The wolf and original man were some of the two beings that in our stories, went around and named everything in creation, gave everything a name together, and traveled together. 狼和原始人是我们故事中的两个存在,他们四处走动,为创造中的一切命名,一起给一切命名,一起旅行。 At a different part within our stories, it talks about ma'iingan which is the Ojibwe word that describes wolf, and then the Anishinaabeg having to take separate paths, separate trails, and splitting up kind of diverging along that path. 在我们故事的不同部分,它谈到了 ma'iingan,这是描述狼的 Ojibwe 词,然后 Anishinaabeg 必须采取不同的路径,不同的小径,并沿着这条路径分裂。 What teaching we derive from that is that what happens to one of us will happen to the other. 我们从中得到的教导是,发生在我们中的一个人身上的事情也会发生在另一个人身上。
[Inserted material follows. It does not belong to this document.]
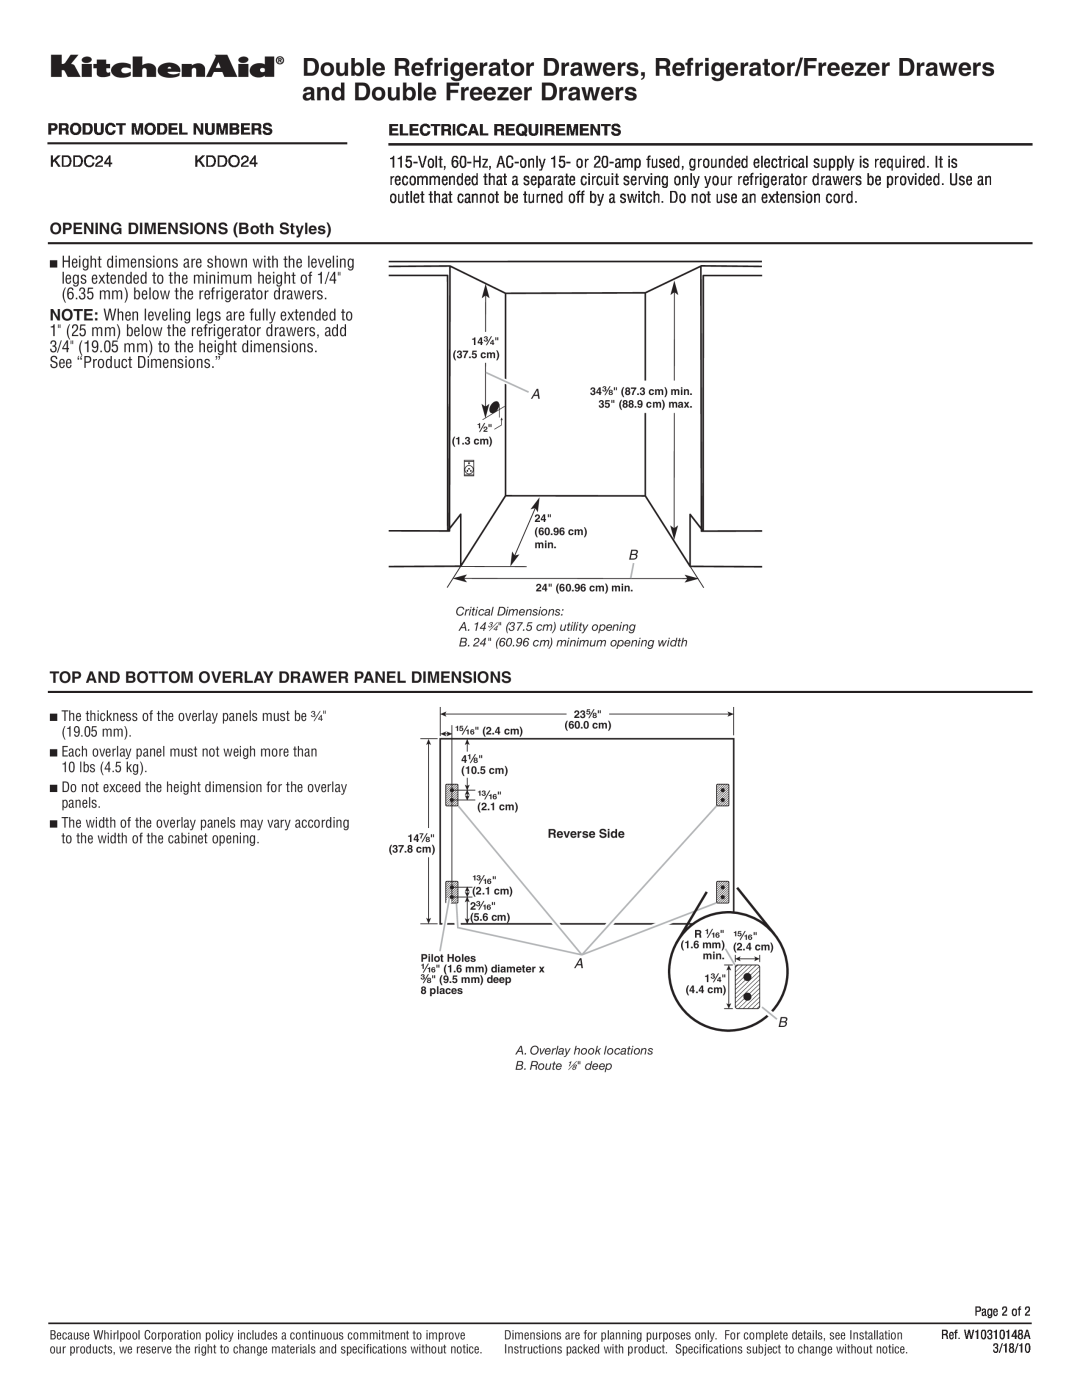 KitchenAid dimensions OPENING DIMENSIONS Both Styles, See “Product Dimensions.”, Product Model Numbers, KDDC24KDDO24

Well, there was a time, not too long ago, where wolves were almost eradicated from this area, which means that there weren't many left. 嗯,有一段时间,不久前,狼几乎从这个地区被消灭了,这意味着剩下的已经不多了。 A lot of that coincided in a time where it wasn't okay to be Ojibwe or to be Native American. 其中很多都发生在一个不适合成为 Ojibwe 或成为美洲原住民的时代。 They were told to blend in and essentially remove that Ojibwe-ness or that essence of being an indigenous person from their being. 他们被告知要融入并从本质上消除奥吉布韦人的特征或作为土著人的本质。 Those two things really mirror each other in our history. 这两件事在我们的历史上确实相互映照。 There are instances where we believe that saying, 'What happens to one will happen to the other' have actually come to fruition, to take care of and look after one another because we are considered to be relatives or, some say, to be brothers. 在某些情况下,我们相信“发生在一个人身上的事情就会发生在另一个人身上”这句话实际上已经实现,因为我们被认为是亲戚,或者,有人说是兄弟,所以要互相照顾和照顾.